OpenRT - AI45 Laboratory

OpenRT offers a modular parallel runtime that decouples components and supports diverse attack strategies to systematically evaluate MLLM security.

Abstract

The rapid integration of Multimodal Large Language Models (MLLMs) into critical applications is increasingly hindered by persistent safety vulnerabilities. However, existing red-teaming benchmarks are often fragmented, limited to single-turn text interactions, and lack the scalability required for systematic evaluation. To address this, we introduce OpenRT, a unified, modular, and high-throughput red-teaming framework designed for comprehensive MLLM safety evaluation. At its core, OpenRT architects a paradigm shift in automated red-teaming by introducing an adversarial kernel that enables modular separation across five critical dimensions: model integration, dataset management, attack strategies, judging methods, and evaluation metrics. By standardizing attack interfaces, it decouples adversarial logic from a high-throughput asynchronous runtime, enabling systematic scaling across diverse models. Our framework integrates 37 diverse attack methodologies, spanning white-box gradients, multi-modal perturbations, and sophisticated multi-agent evolutionary strategies. Through an extensive empirical study on 20 advanced models (including GPT-5.2, Claude 4.5, and Gemini 3 Pro), we expose critical safety gaps: even frontier models fail to generalize across attack paradigms, with leading models exhibiting average Attack Success Rates as high as 49.14%. Notably, our findings reveal that reasoning models do not inherently possess superior robustness against complex, multi-turn jailbreaks.
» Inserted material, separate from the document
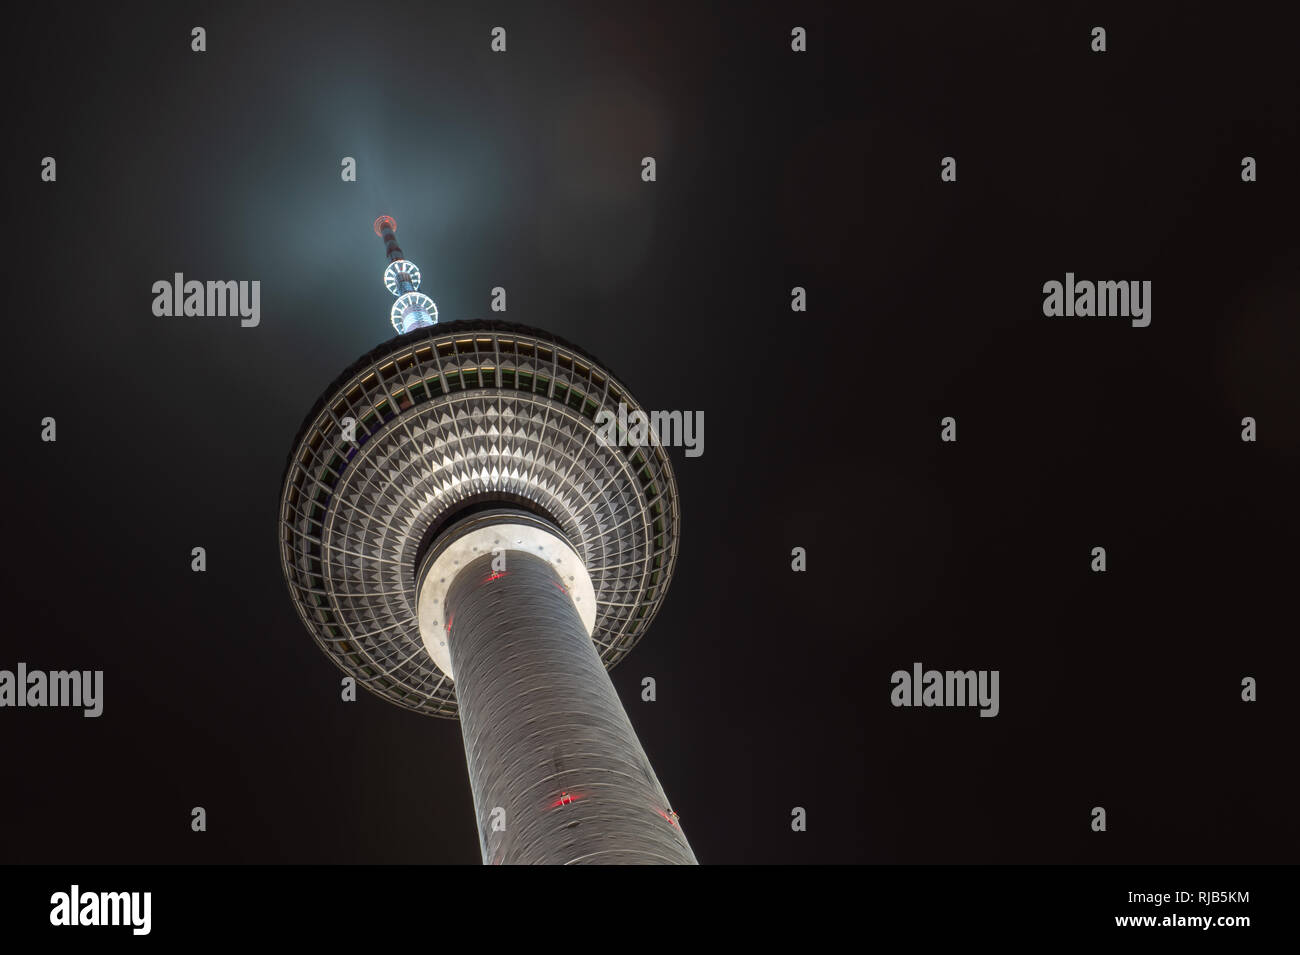 ,Background of a modern building in a popular European city. Berlin Germany. Silver sphere of Fernsehturm TV tower by night Stock Photo

By open-sourcing OpenRT, we provide a sustainable, extensible, and continuously maintained infrastructure that accelerates the development and standardization of AI safety.

🧩 Framework Innovation

A Modular, Extensible, and Composable Framework for Red Teaming. OpenRT decoupled red-teaming into five orthogonal dimensions: models, datasets, attacks, judges, and metrics. Powered by a unified Component Registry, it enables seamless plug-and-play composition, spanning from simple prompts to complex multi-turn and multi-agent strategies. This standardized design decouples complex search and optimization strategies into infrastructure, enabling developers to reuse underlying search capabilities without redundant implementation.

🚀 Extreme Efficiency

30x Acceleration with One-Line Command. Designed for large-scale evaluation, OpenRT leverages a high-concurrency architecture based on AsyncIO and ThreadPool. By achieving dual parallelism in inference and scheduling, it boosts throughput by 30x compared to serial baselines. With just one line of command, users can execute a high-throughput scan covering the entire pipeline—from attack generation and auto-judgment to safety reporting.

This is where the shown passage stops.